The effect of artificial habitat in altered landscapes on species interactions and their suite of enemies is largely unknown. Water mites have been associated with reduced fitness of model damselflies. Mite parasitism was variable, but higher for Ischnura verticalis damselflies from natural, than from artificial, wetlands in the same region. There were no differences in timing of sampling, temperature during sampling, or host age or sex composition of samples between wetland types. Landscape structure might constrain mite presence or abundance at wetland sites or wetland type might be a better predictor of mites, based on factors such as prey abundance. Fewer mites on damselflies from numerous artificial wetlands means that the strength of parasite‐mediated selection is likely less than would be inferred if only natural wetlands were surveyed. Such effects of human changes in habitats on host species probably occur often.
Ischnura verticalis is a common damselfly (Odonata, Zygoptera, Coenagrionidae) throughout Canada and the United States and prefers lentic habitats. Males, mature (pruinose) females, and younger (red‐orange) females can be distinguished readily (Walker 1953). Like many other coenagrionid damselflies, I. verticalis is a host for several species of ectoparasitic mites of the genus and subgenus Arrenurus . The parasitic larval mites attach to the damselfly larvae when it is nearing emergence. These parasites then transfer to the newly‐forming host imago, attach and secrete a feeding tube (Smith 1988). The mite(s) then engorge on the host damselfly (Smith 1988) and finally detach from the host when the host is near or above water. After returning to water, the mite completes its life cycle, which includes deutonymphal and adult stages that are predators of microcrustacea.
Water mites have been associated with reductions in survivorship, fecundity and male mating success of damselflies, using either or both experimental and observational approaches (reviewed by Forbes and Robb 2008). In some species, individuals allocate resources towards fending off parasitic attacks and such resistance is assumed to be costly (Forbes and Robb 2008). Parasites might therefore influence selection on hosts even if they do not influence populations per se (e.g. damselfly populations might be affected more by weather, Thompson 1990).

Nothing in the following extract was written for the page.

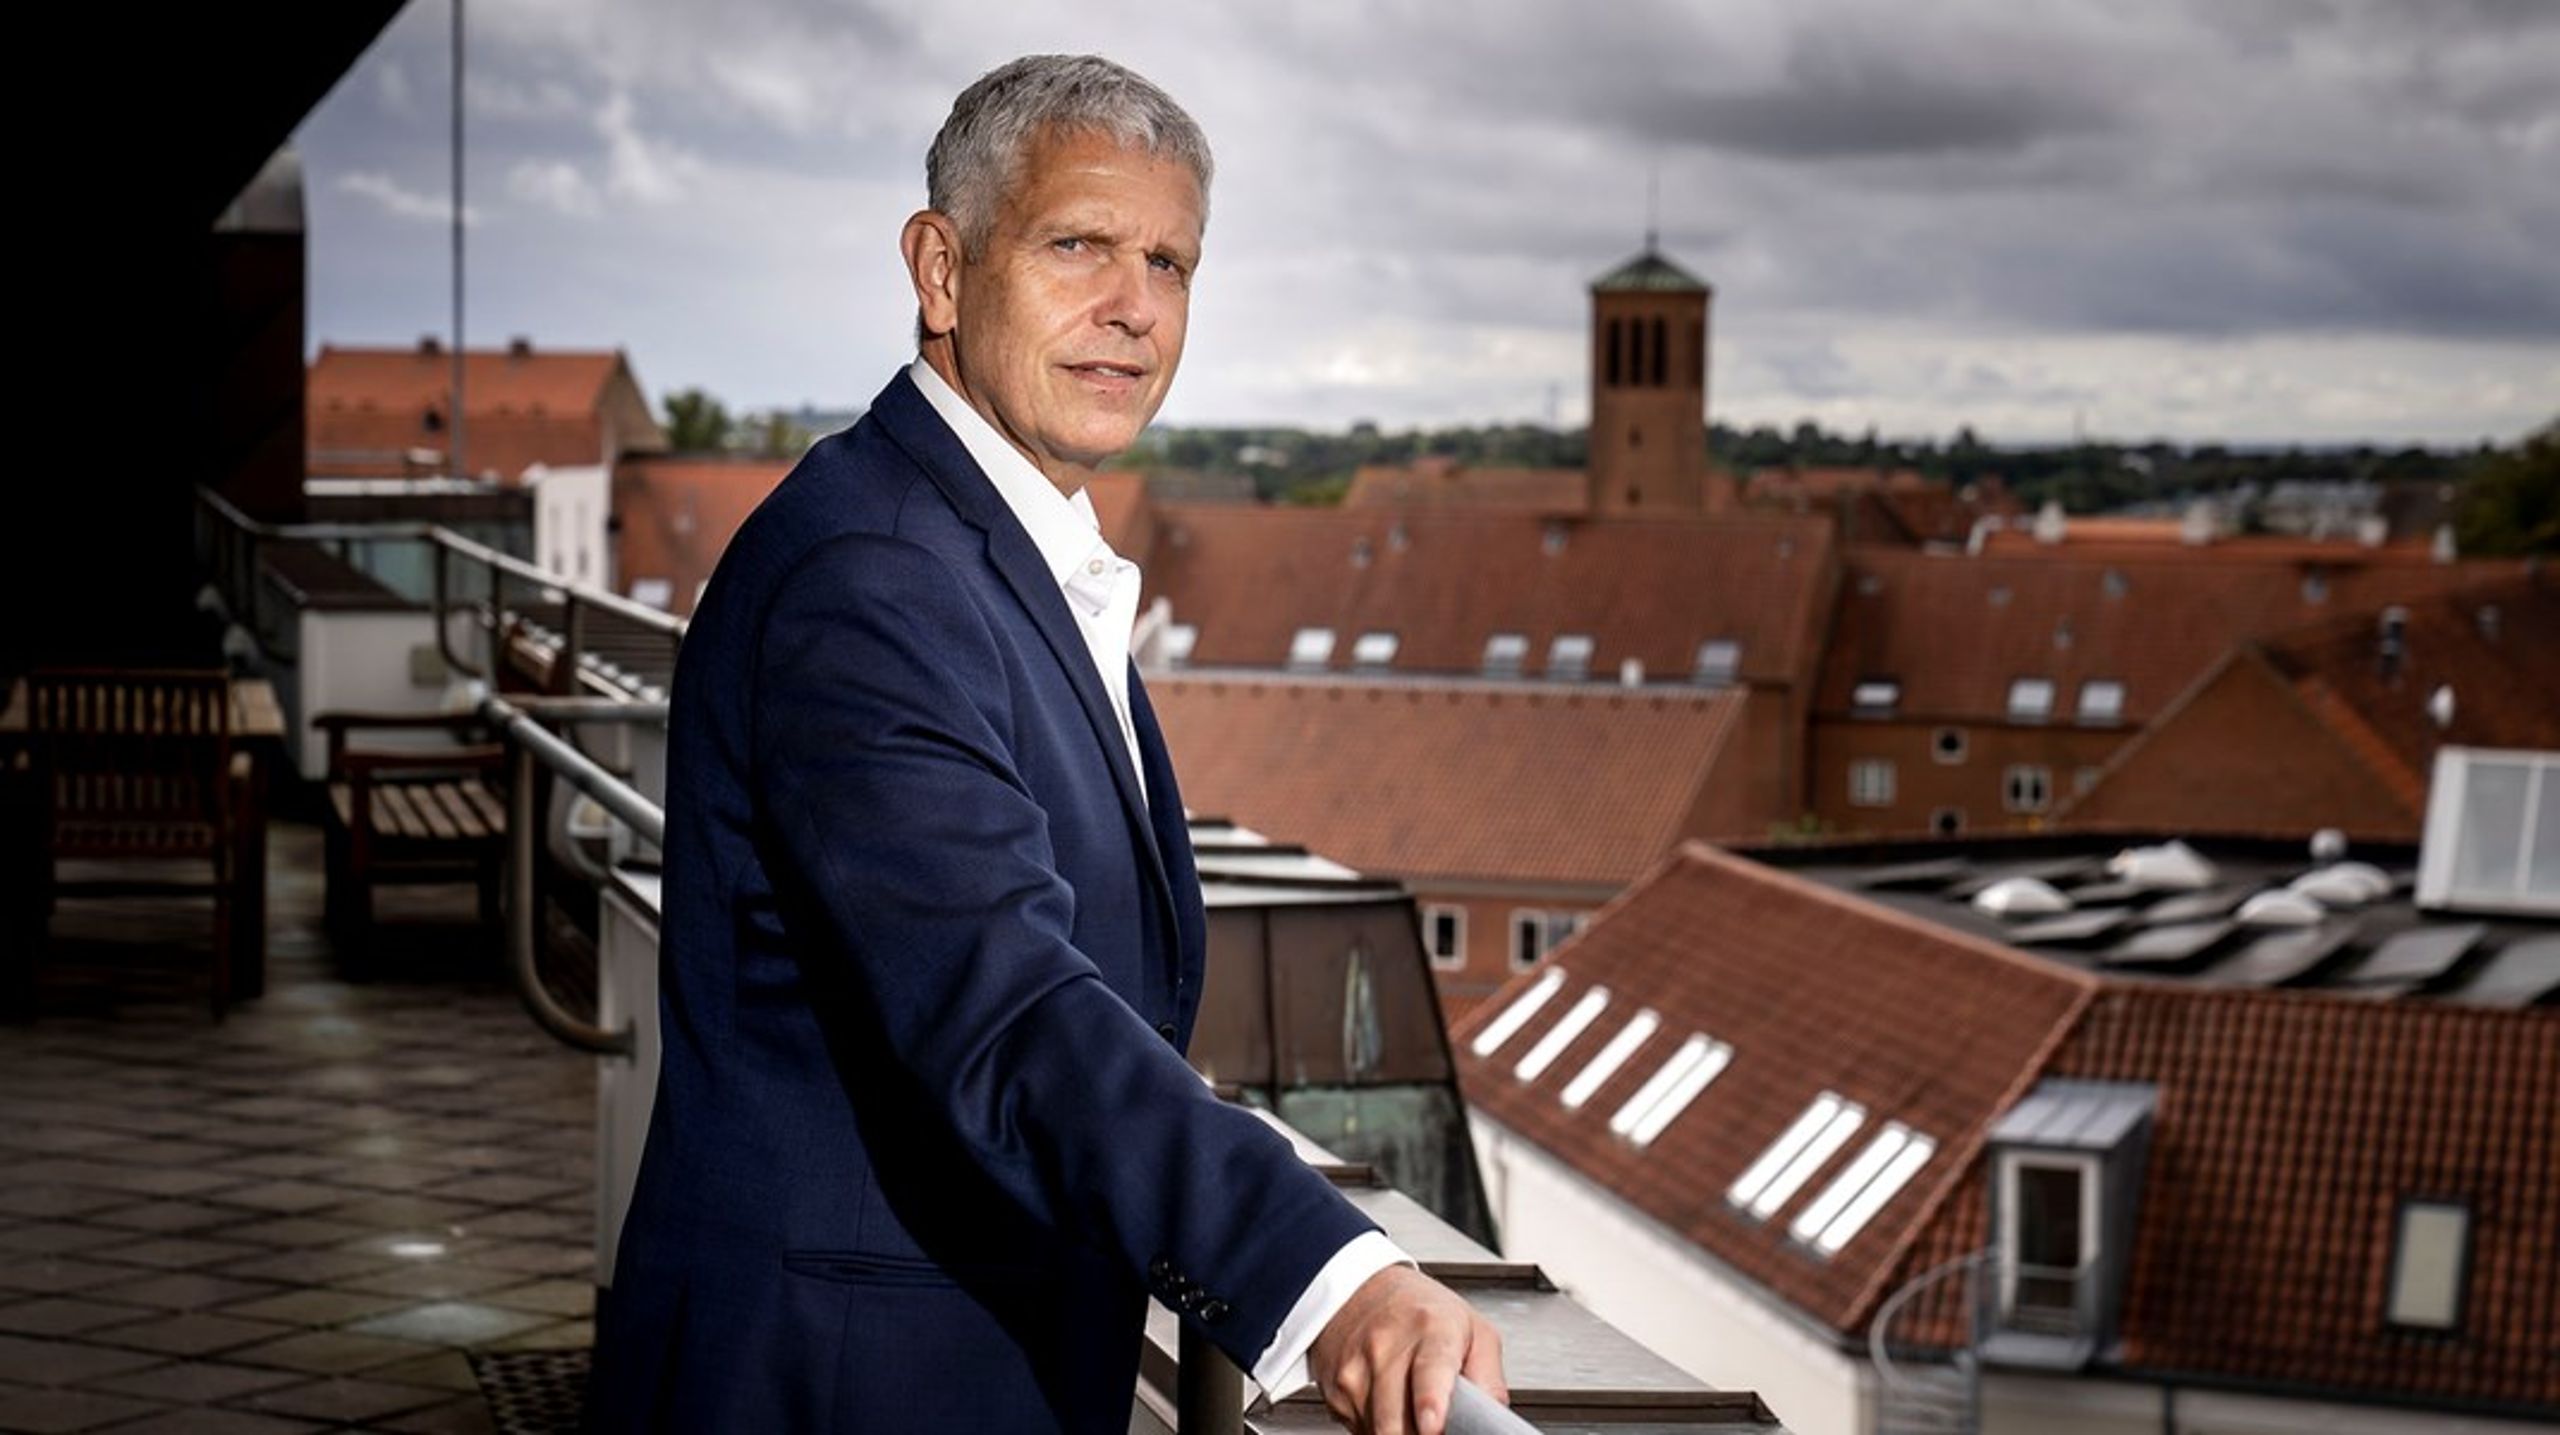 John Dyrby Paulsen var indtil nytår borgmester i Slagelse. Fra 22. februar er han&nbsp;ny direktør for Dansk e-Mobilitet.

Sampling took place at 24 wetlands (in a 3446 km2 area) in the vicinity of the cities of Ottawa (ON) and amalgamated city of Gatineau (QC), Canada. Each wetland was classified as being either artificial (17 wetlands) or natural (7 wetlands). Natural wetlands were those that developed through natural geological and hydrological processes (Keddy 2000). Artificial wetlands were those that were not present historically and have been established as storm water drainage compounds, excavation sites and drainage ditches. If we could not reasonably ascribe type of wetland to a site, then that site was not included in our study. Artificial wetlands were at least 10 yr old, whereas all natural wetlands were present in aerial photographs taken in 1972 to 1975. All sites were permanent wetlands at least from 2002, varied in size from 1 to 5 ha, and contained well‐developed emergent vegetation (details available on request). Natural wetlands were generally located in the city's “Greenbelt” or in Gatineau Park (both areas are relatively free of development), whereas artificial wetlands often were located near housing and shopping centre developments. Those artificial wetlands were not formerly natural wetlands that had development in or around their margins. These wetlands were chosen as part of a larger study on the effects of artificial and natural habitats, in low versus high forested cover landscapes, on odonate diversity. The subset of wetlands chosen had to have I. verticalis present.
We netted damselflies at all wetlands over an approximate 20‐d period beginning 10 June, 2005 and ending 1 July, 2005 (this represents a very small proportion of the total flight period which extends from mid‐late May until at least late August, Forbes unpubl.). The sampling was designed to collect ca 30 individual damselflies at each wetland site, while being able to visit all wetlands over a three‐week period. Order of sampling was interspersed such that the natural wetlands were sampled at the same time as blocks of artificial wetlands. Damselflies were netted individually, following field identification. Netted individuals were sexed. Females were aged approximately as either pruinose (mature) or young red‐orange adults. We know from previous work that red‐orange females have not had time to lose their mites, if they were parasitized. The numbers of mites on each damselfly (which were invariably attached to the undersurface of the thorax and/or abdomen) were enumerated with the aid of a 10× loupe. Recording whether an individual was parasitized was not subjected to error. However, we were less precise in our mite counts for 6 of 737 individuals with >35 mites. Notwithstanding, our counts by two observers agreed to within 3 mites. Furthermore, this occasional error is not likely to have been influenced by either host sex or age or wetland type sampled.